A Venezuela avalia deixar a OPEC, organização que ajudou a fundar há mais de seis décadas. A decisão teria impacto imediato limitado sobre a oferta, mas ocorreria após a saída dos Emirados Árabes Unidos e em meio à insatisfação do Iraque.
O que aconteceu
Caracas discute a possibilidade de abandonar a OPEC enquanto estreita relações com os Estados Unidos. A Venezuela se tornaria o segundo país em poucos meses a considerar ou efetivar uma saída, depois do anúncio dos Emirados Árabes Unidos no fim de abril. O Iraque também advertiu que poderia avaliar seu desligamento caso não obtivesse um limite de produção maior em uma auditoria sobre a capacidade dos membros, prevista para terminar no fim de setembro. No caso venezuelano, a produção caiu nos últimos anos devido a sanções e crises econômicas, e o país está fora dos acordos de corte e do sistema de cotas. Por isso, traders de petróleo veem pouco efeito imediato sobre a oferta global.
Por que isso importa
O peso principal da possível saída é institucional. Se Venezuela e Emirados deixarem a organização, mais de 5 milhões de barris por dia de capacidade de produção seriam retirados da OPEC, cerca de 17% do volume mantido pelos membros centrais no início do ano. A fragmentação poderia estimular disputas por clientes e participação de mercado, reduzindo a capacidade do grupo de administrar excedentes e aumentando a exposição dos preços a choques. A Venezuela também possui reservas muito grandes, cuja exploração futura poderia contar com a participação de grandes empresas americanas.
O que deve ser observado
O mercado deve acompanhar a decisão de Caracas, a conclusão da auditoria iraquiana e a capacidade da OPEC+ de preservar disciplina entre seus participantes. Também será relevante observar a retomada dos fluxos do Golfo Pérsico: a Agência Internacional de Energia projeta excedente quando esses volumes forem plenamente restabelecidos e possibilidade de excesso de oferta em 2027. Uma eventual recomposição da produção pressionaria a liderança saudita a assumir maior parte dos cortes.

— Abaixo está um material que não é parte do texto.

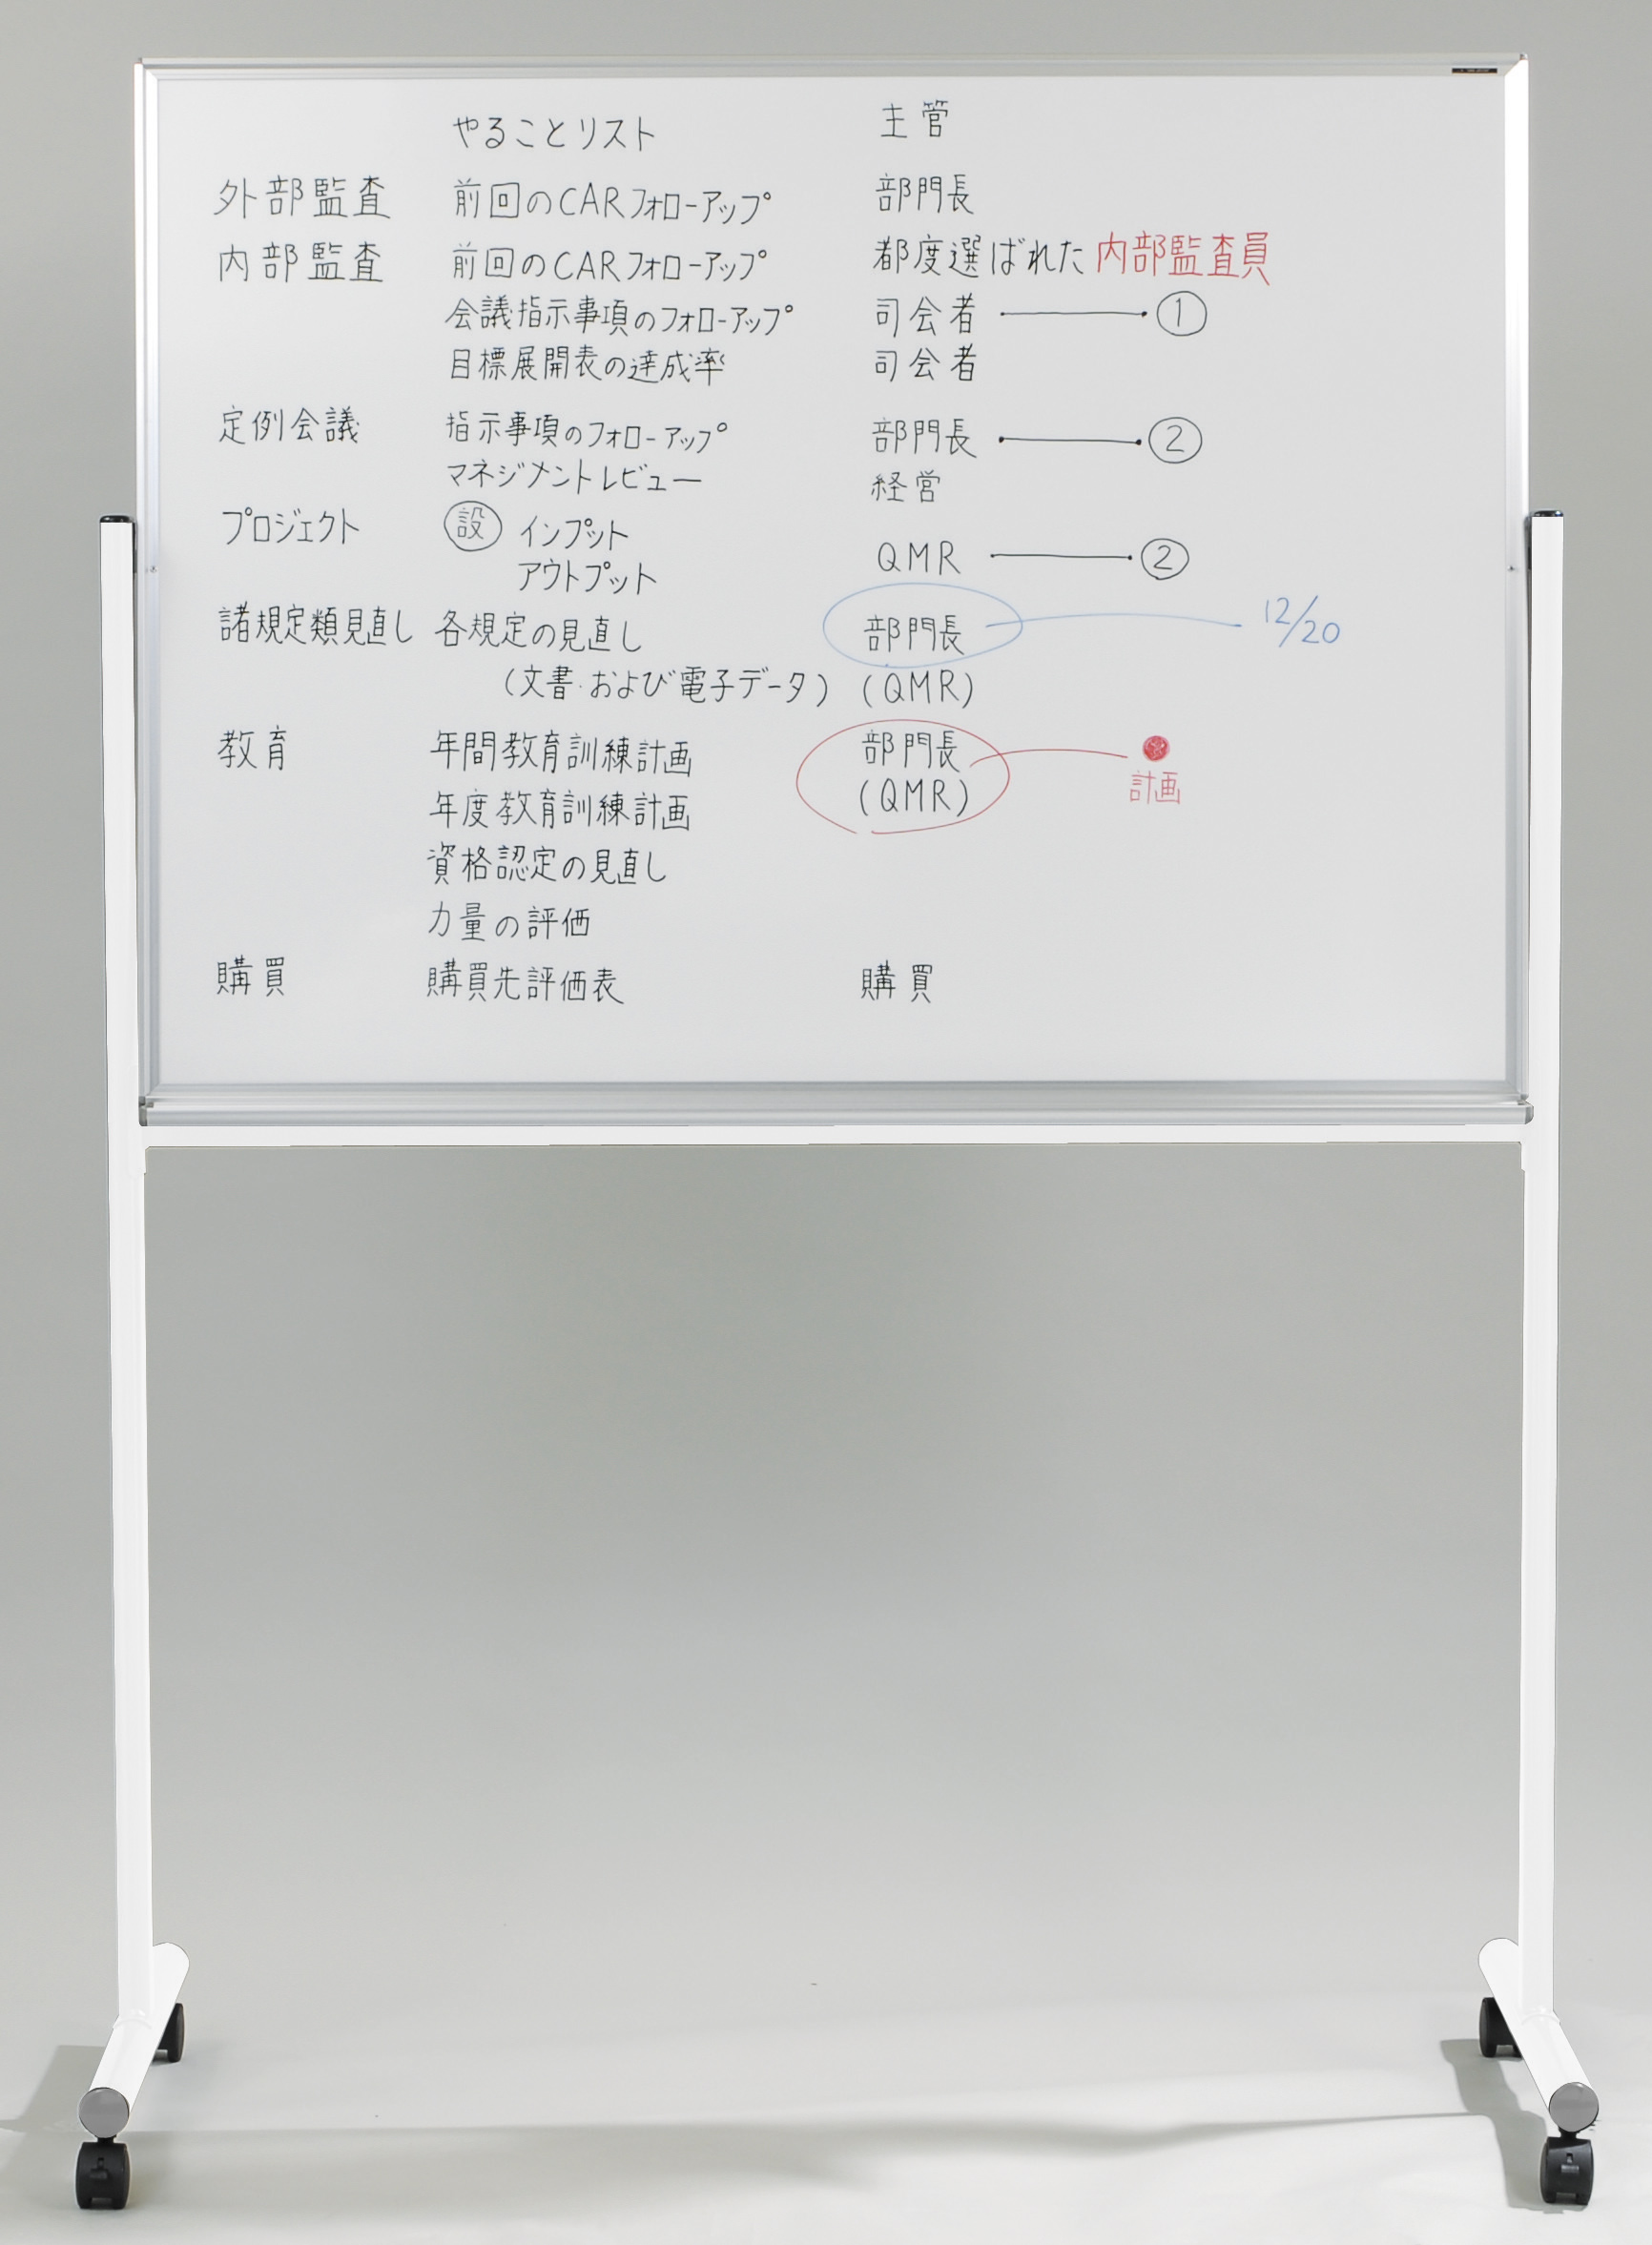 MAJIシリーズ（脚付ホワイトボード） - ホワイトボード・黒板 
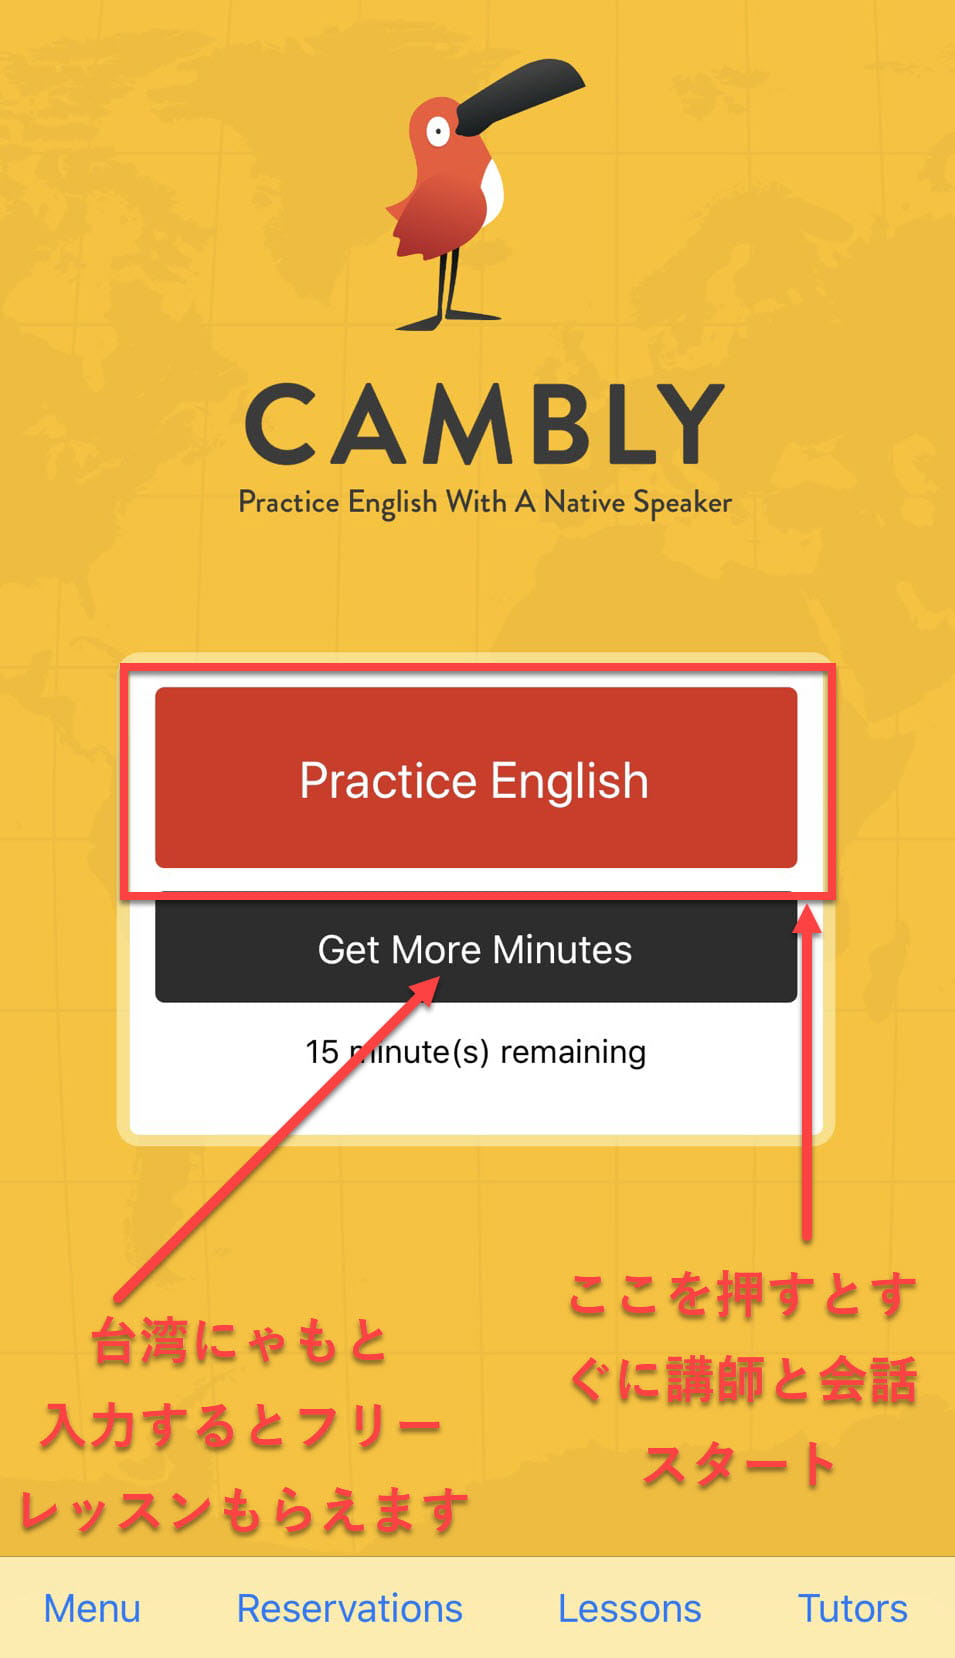 Camblyアプリホーム画面英語の説明 台湾にゃも 海外でちゃいなよ

A notícia combina baixo impacto operacional imediato com risco crescente para a credibilidade da OPEC. A saída venezuelana, se ocorrer, não sinalizaria por si só uma mudança abrupta na oferta, mas reforçaria a perda de membros, volumes e coesão do grupo. Para os mercados, o ponto central é a possível transição de um coordenador global de oferta para uma estrutura mais fragmentada, com maior sensibilidade a disputas por participação e a choques geopolíticos.